Этот год (с авг[уста] 1832 по авг[уст] 1833) был лучшим и самым счастливым нашим годом. Наша юная толпа составляла собою маленькую ученую республику, над которой простиралось вечно ясное небо, без туч, без гроз и без внутренних потрясений, без всяких историй, кроме всеобщей и российской, преподаваемых с кафедр. Если же и бывали какие-нибудь истории, в которых замешаны бывшие до нас студенты, то мы тогда ничего об этом не знали. Мы вступили на серьезный путь науки, и не только серьезно, искренно, но даже с некоторым педантизмом относились к ней. Кроме нее, в стенах университета для нас ничего не было. Дома всякий жил по-своему, делал что хотел, развлекался как умел — все вразброд, но в университет мы ходили только учиться, не внося с собою никаких других забот и дел.

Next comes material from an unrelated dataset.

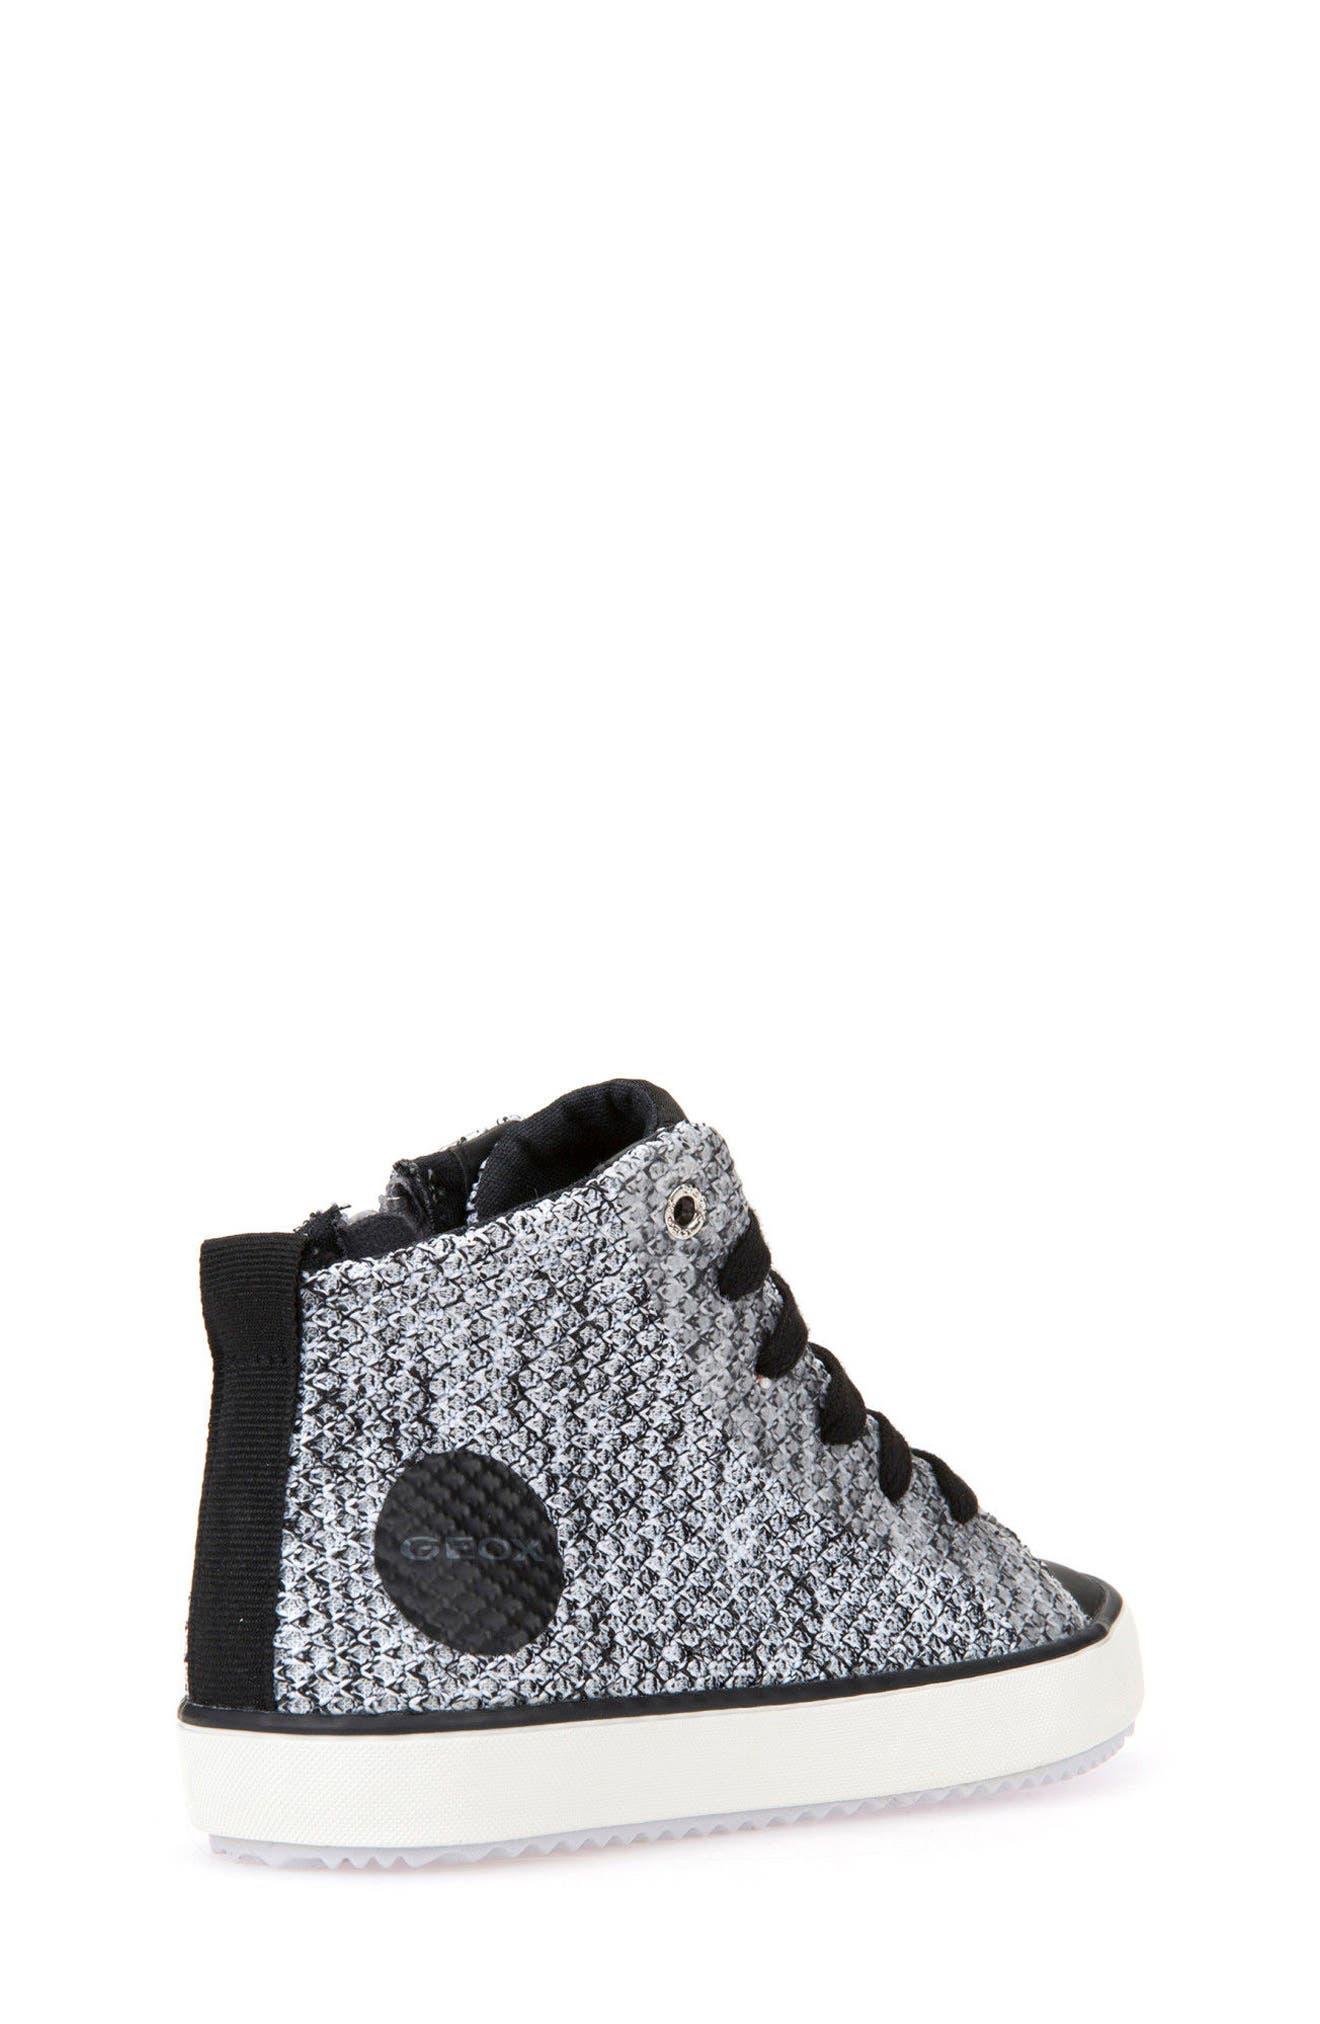 Alonisso Knit Mid Top Sneaker,                             Alternate thumbnail 2, color,                             WHITE/ BLACK
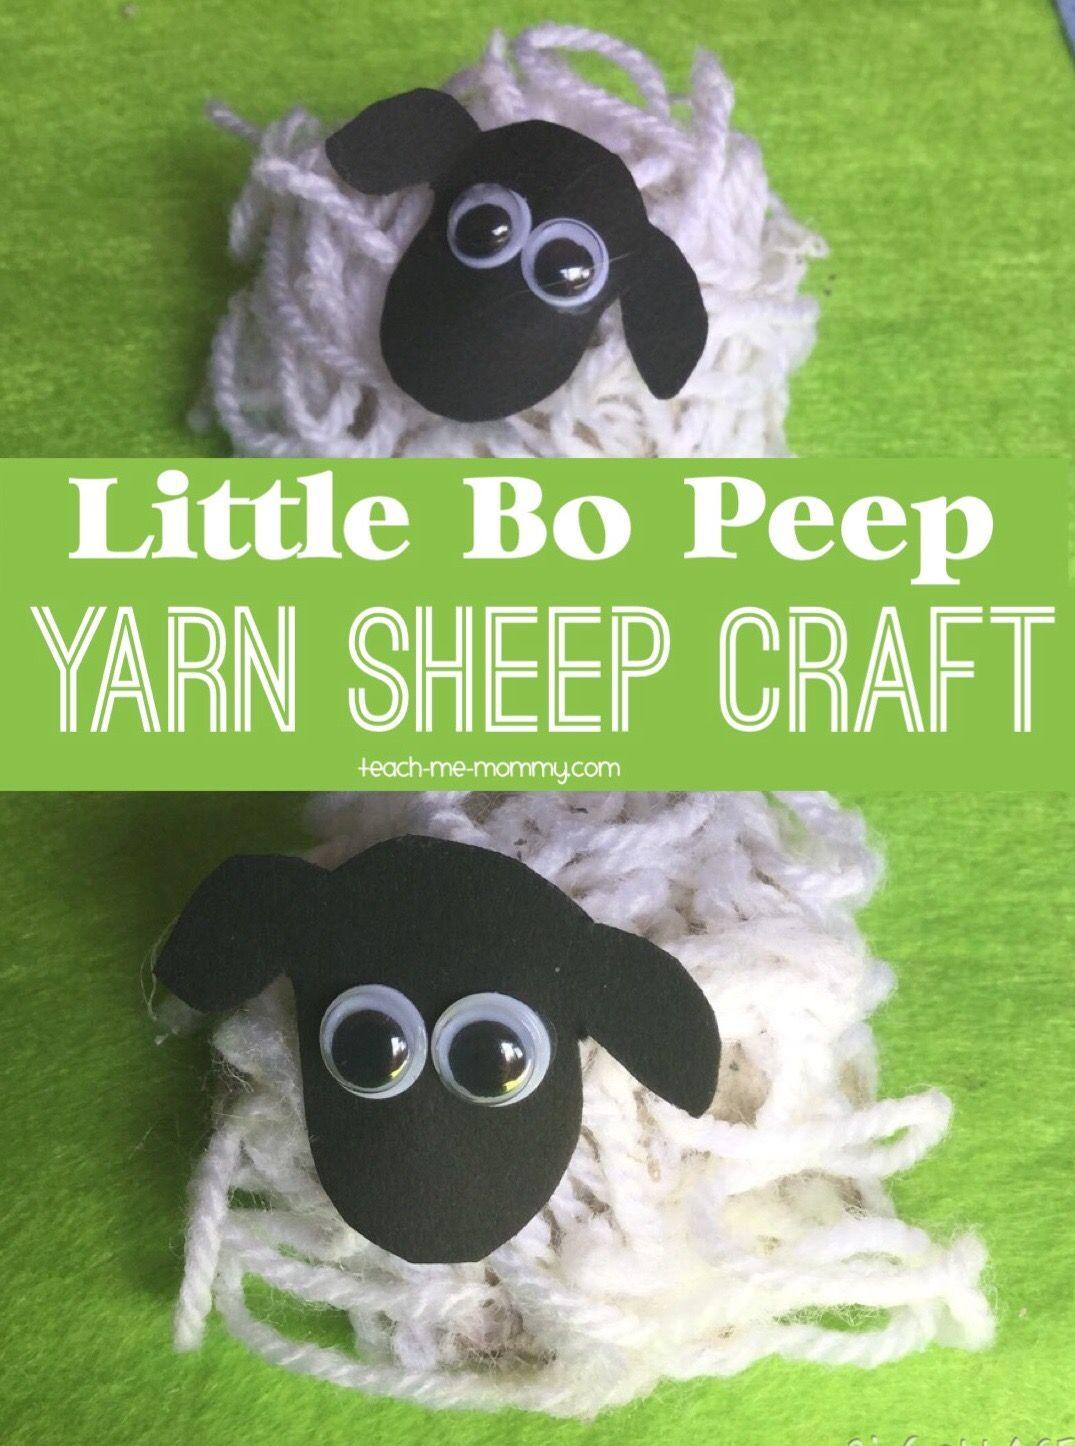 Little Bo Peep Sheep Craft   Sheep crafts, Yarns and Craft

И точно была республика: над нами не было никакого авторитета, кроме авторитета науки и ее преподавателей. Начальства как будто никакого не было, — но оно, конечно, было, только мы имели о нем какое-то отвлеченное, умозрительное понятие: знали о нем, можно сказать, по слухам. Был ректор, был попечитель, может быть, даже и инспектор (кажется, был), но мы его никогда не видали. Если я не ошибаюсь, он заведывал казенными студентами, имевшими квартиры и стол в университете. Тогда никаких стипендий не было, и многие бедные студенты принимаемы были на казенный счет. Прочие же небогатые, раскиданные по разным углам Москвы, содержали себя, как знали и как могли, никаких пособий от университета не получали. Казенных студентов было, кажется, если не ошибаюсь, около ста человек. <…>
Это, может быть, покажется странным нынешним студентам, что мы, собираясь ежедневно в одной аудитории, могли быть друг с другом незнакомы. Это объясняется очень просто. Тогда студенты не составляли, как теперь, корпорации и не были ни в чем солидарны между собой, не имели никаких обязательных друг к другу отношений. Университет был просто правительственное учреждение, открывавшее свои двери для всех ищущих знания. Мы собирались там, как собираются на публичные лекции, в церкви и т. п.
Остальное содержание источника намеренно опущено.